----- Stored data -----
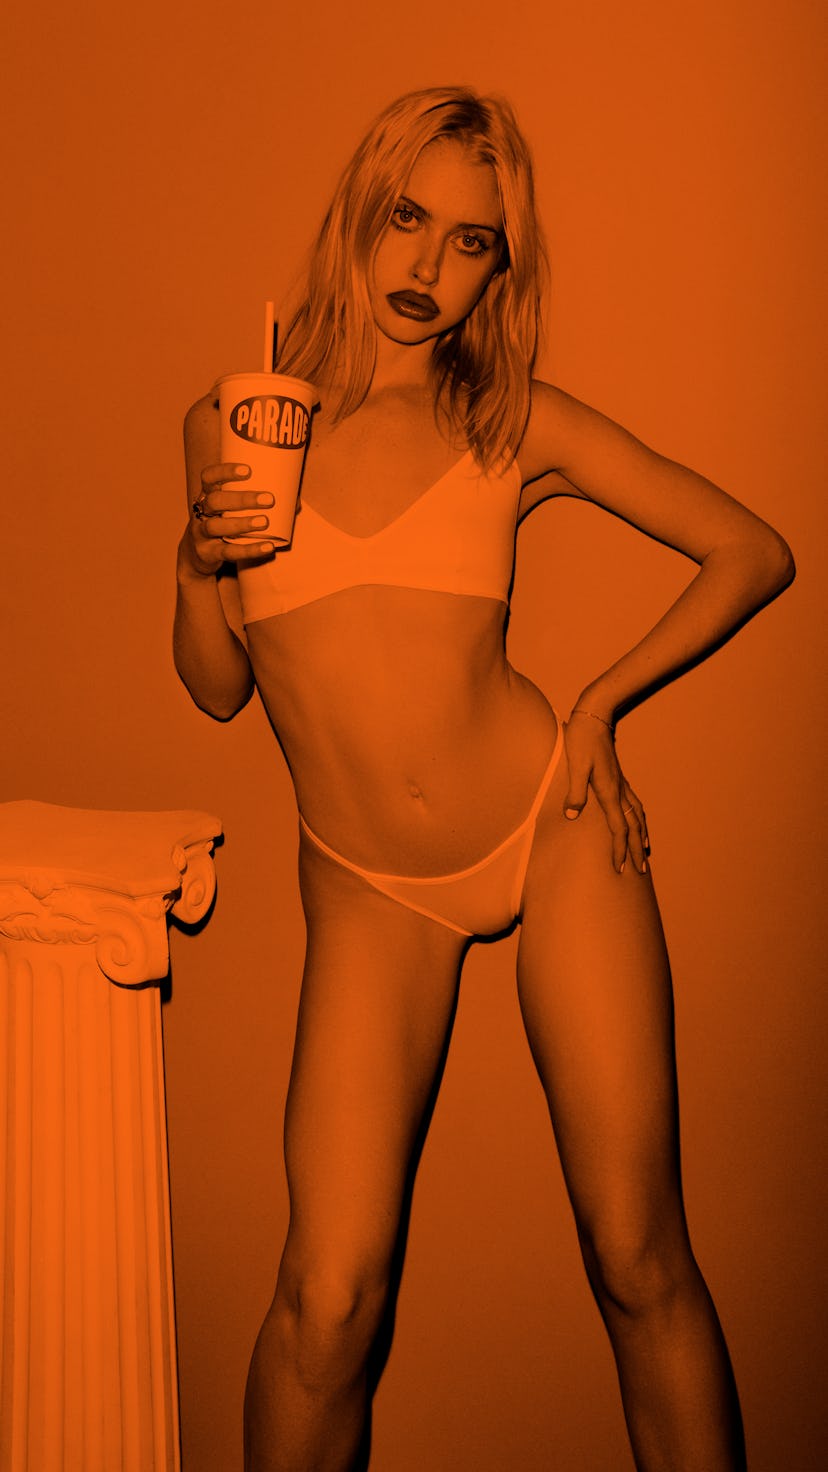 American actress and comedian Chloe Cherry posing in underwear, while holding a cup with a straw
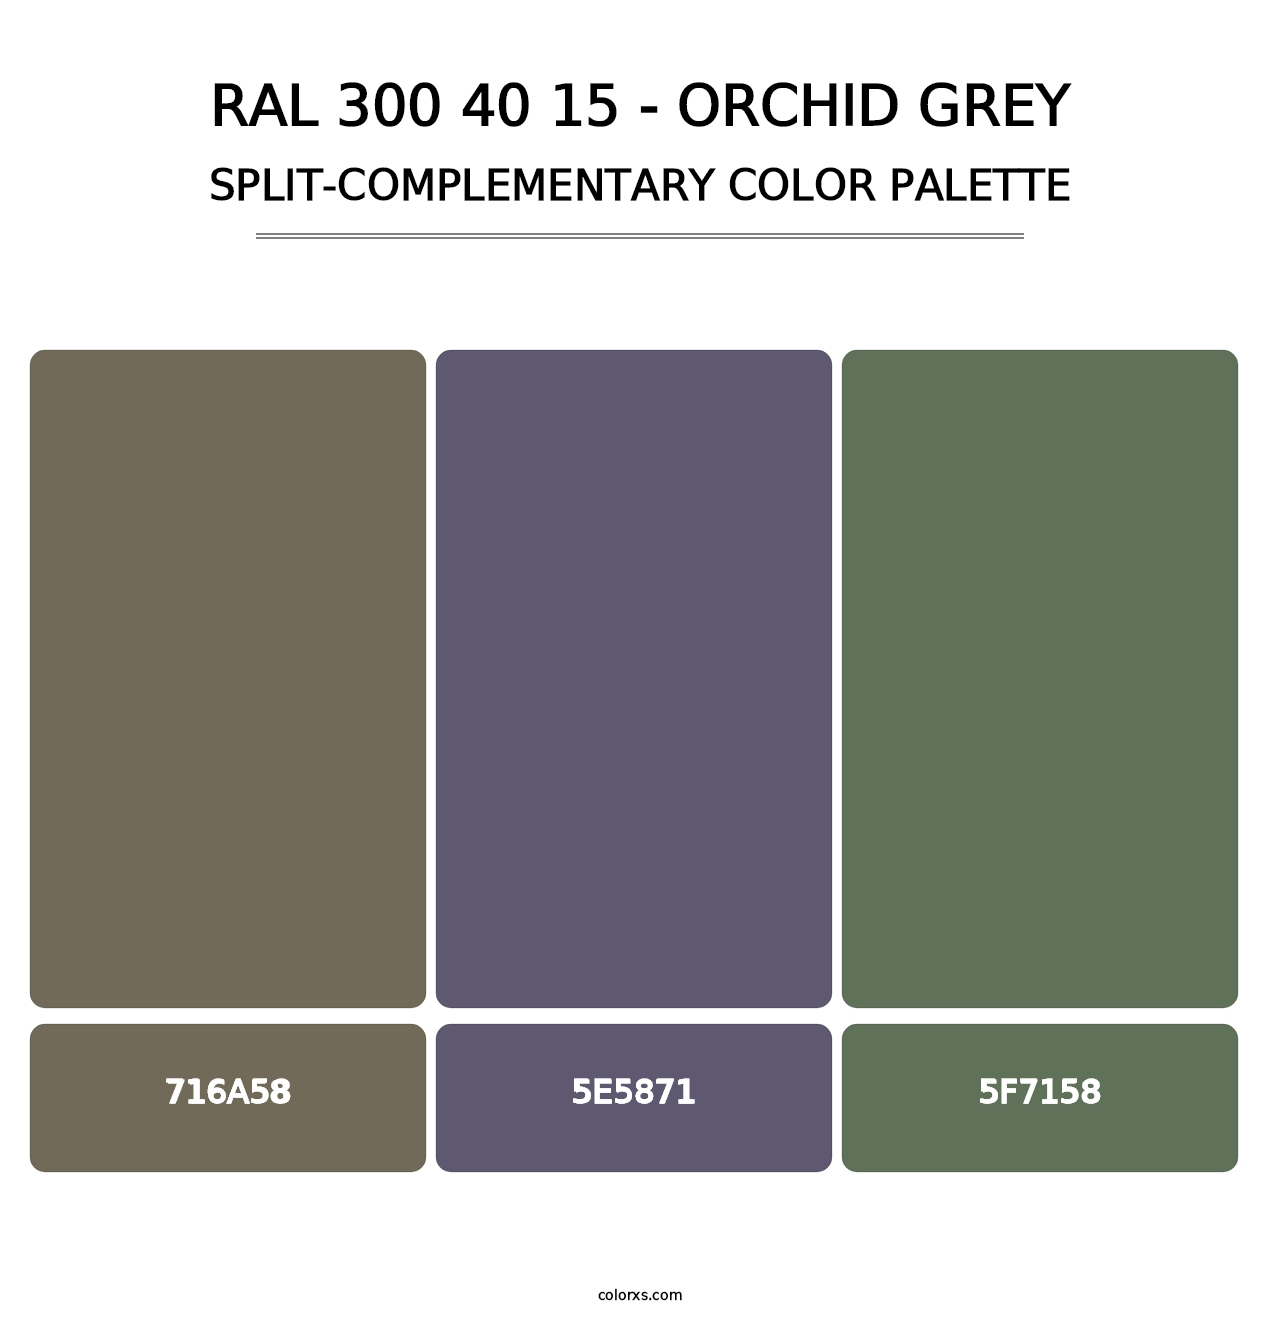 RAL 300 40 15 - Orchid Grey - Split-Complementary Color Palette
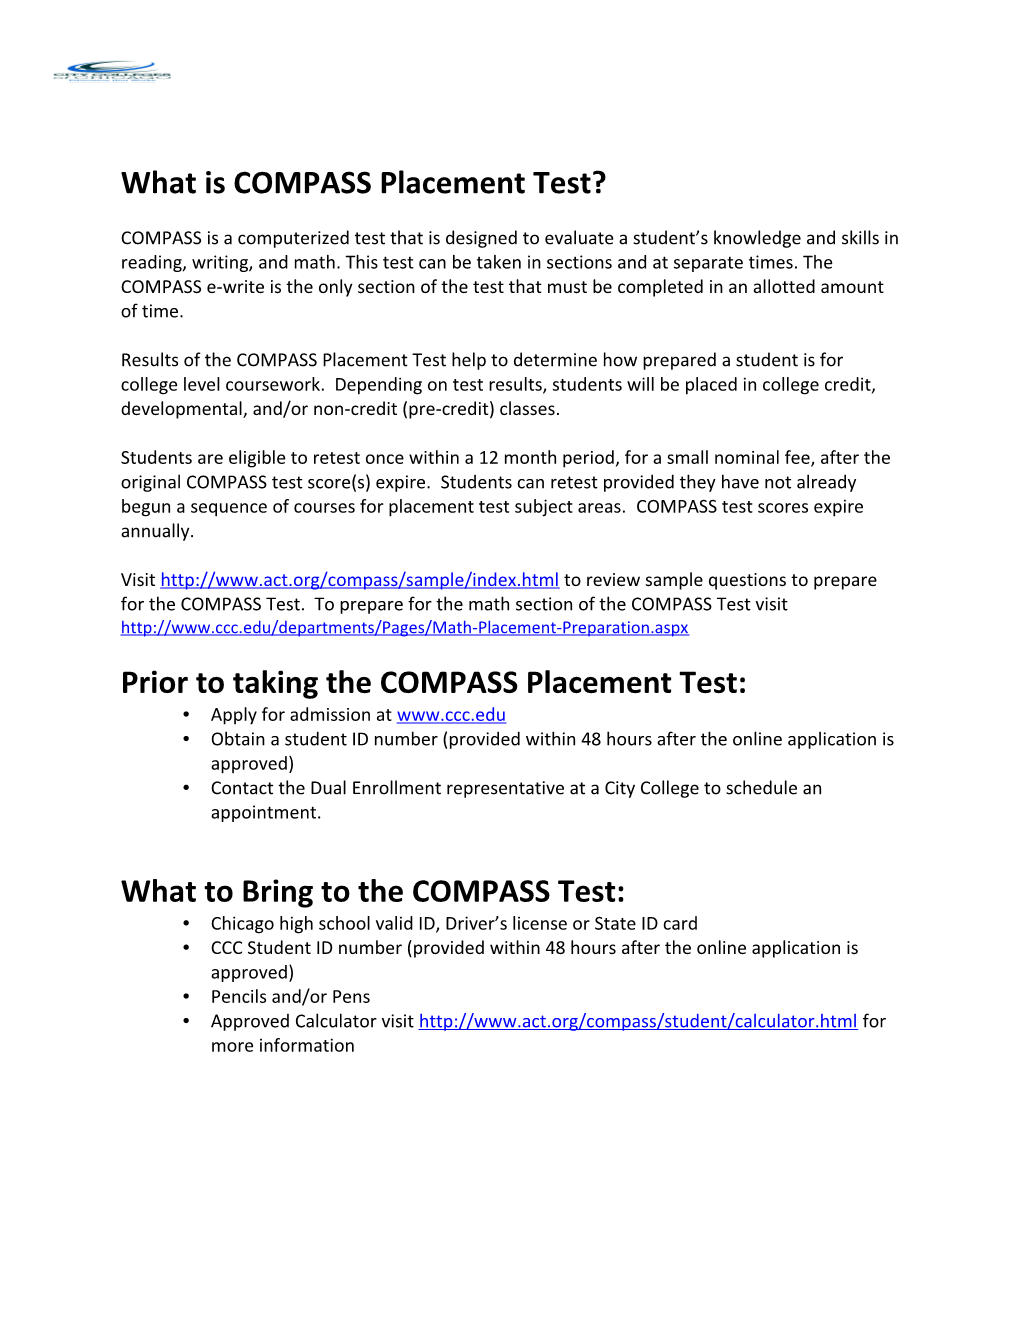 What Is COMPASS Placement Test?
-----
Task prompt: The full material above must be output verbatim, minus any pictures.

Output below:
 American actress and comedian Chloe Cherry posing in underwear, while holding a cup with a straw
 RAL 300 40 15 - Orchid Grey - Split-Complementary Color Palette
 What Is COMPASS Placement Test?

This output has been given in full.